▸ **Exercise brief**
Word for word, output the data, with none of its pictures.

▸ **Dataset excerpt**
————

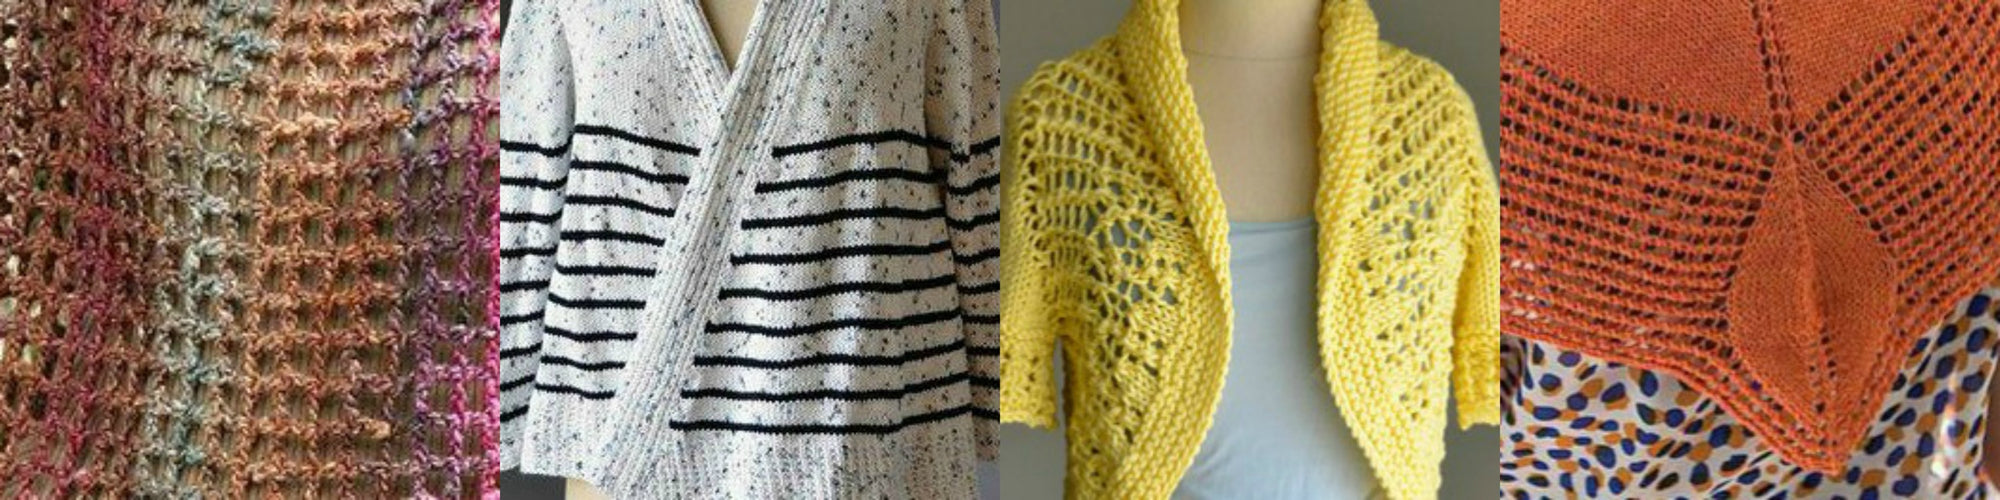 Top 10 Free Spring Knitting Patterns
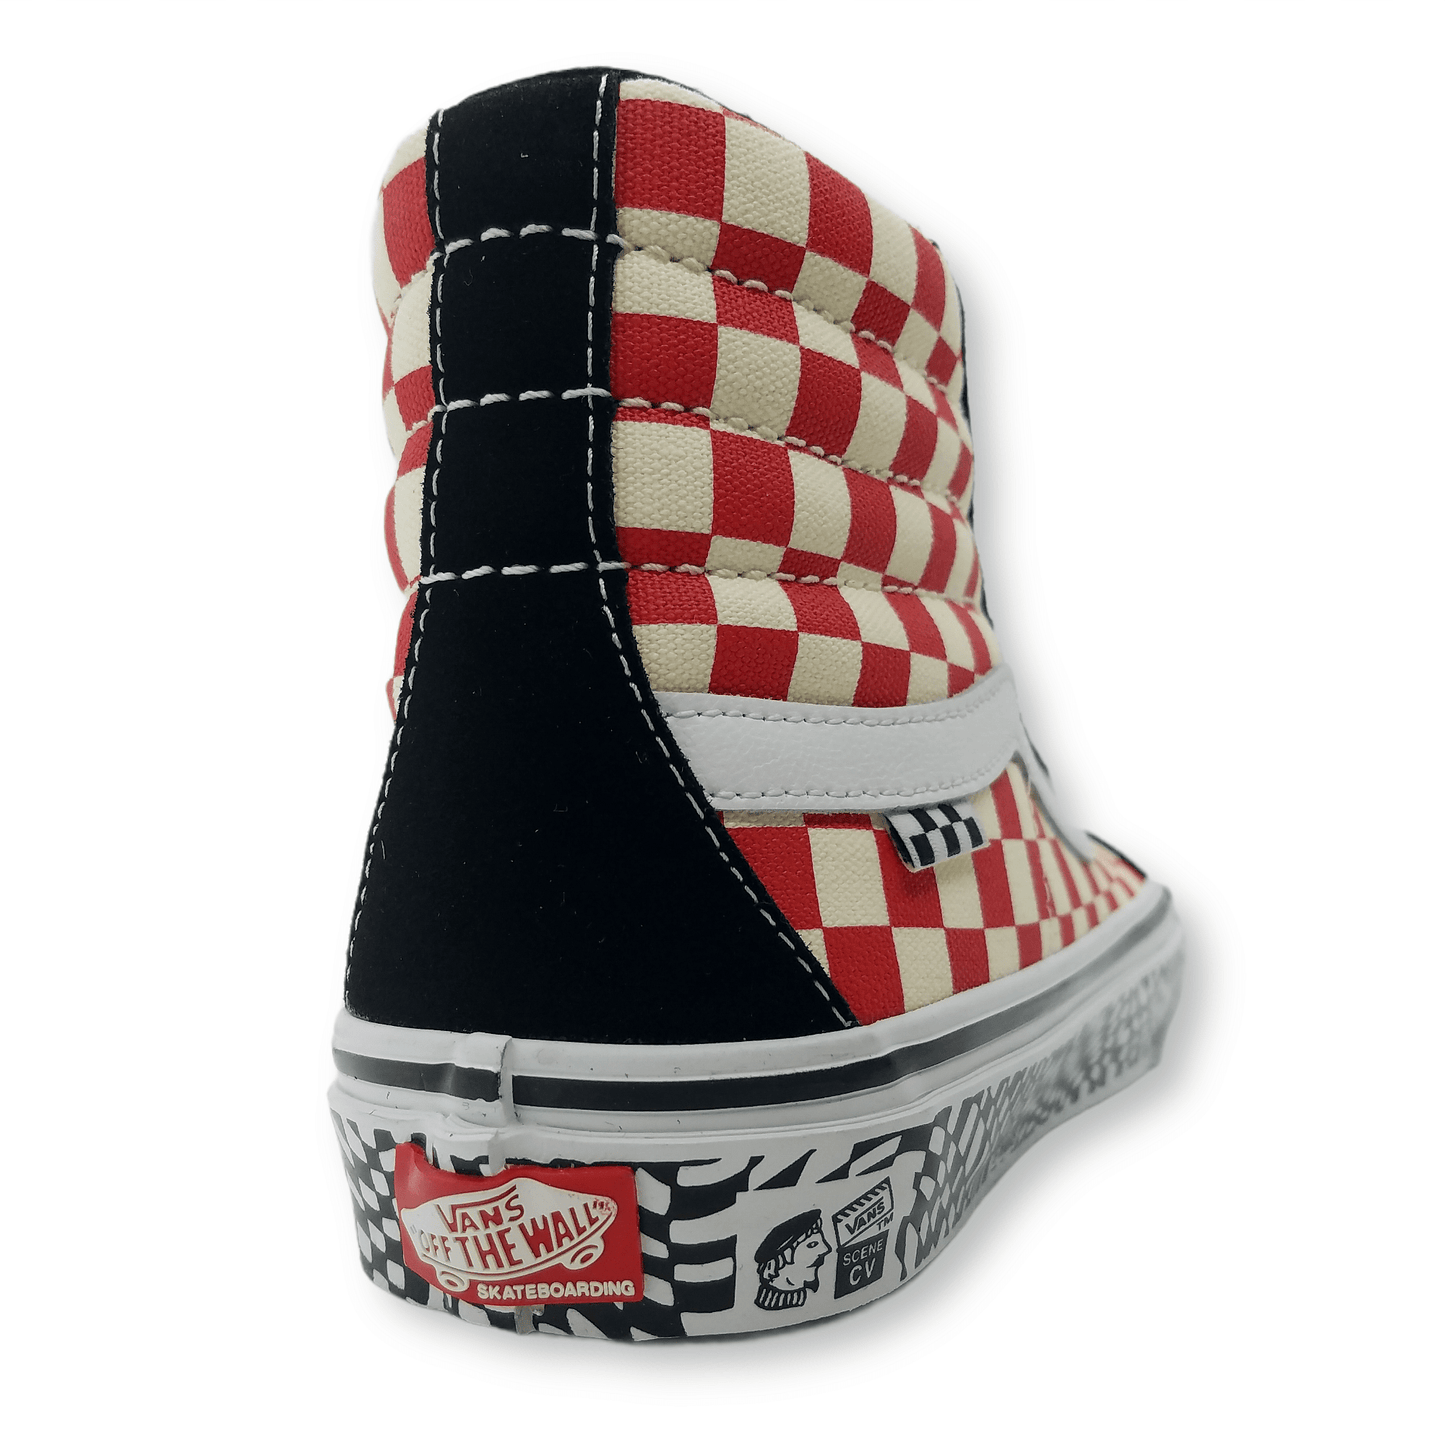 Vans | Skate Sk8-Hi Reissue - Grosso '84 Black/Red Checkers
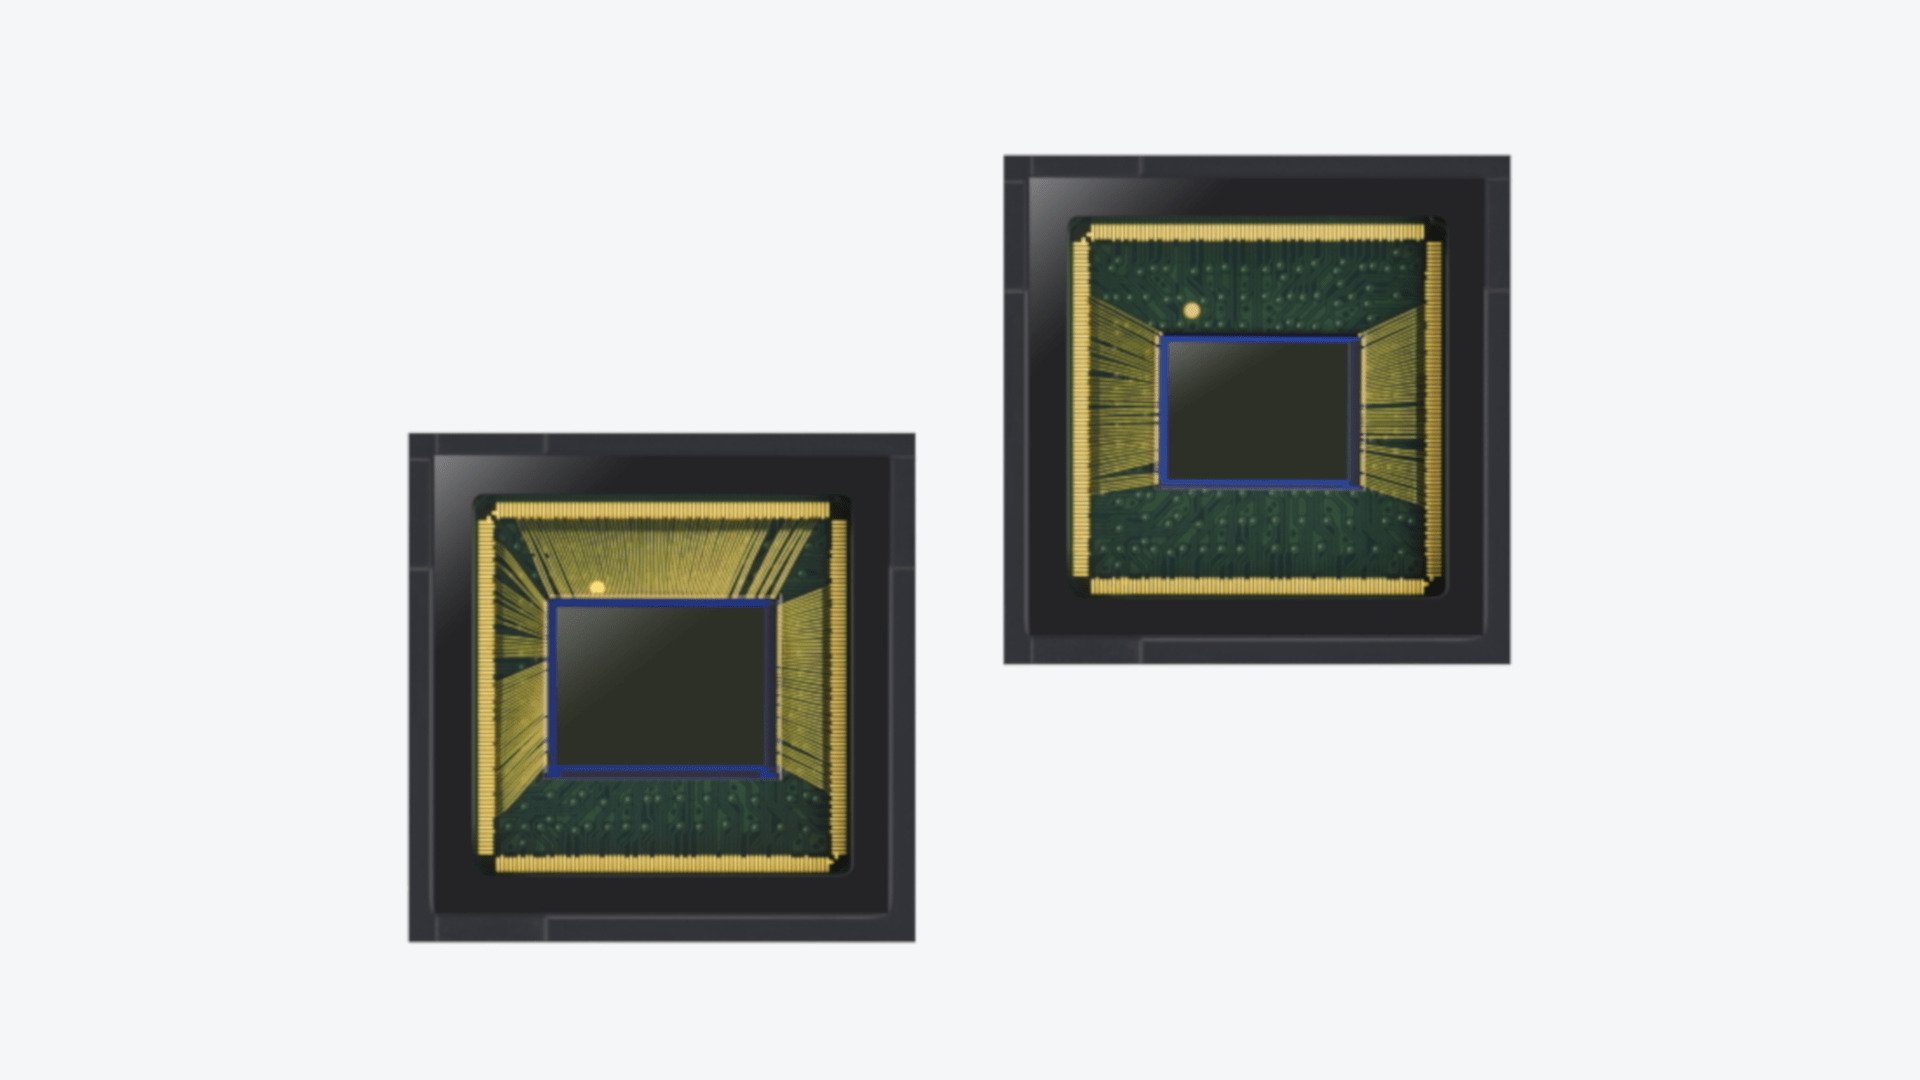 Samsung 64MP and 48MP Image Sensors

————

▸ **Result for this exercise**
 Top 10 Free Spring Knitting Patterns
 Vans | Skate Sk8-Hi Reissue - Grosso '84 Black/Red Checkers
 Samsung 64MP and 48MP Image Sensors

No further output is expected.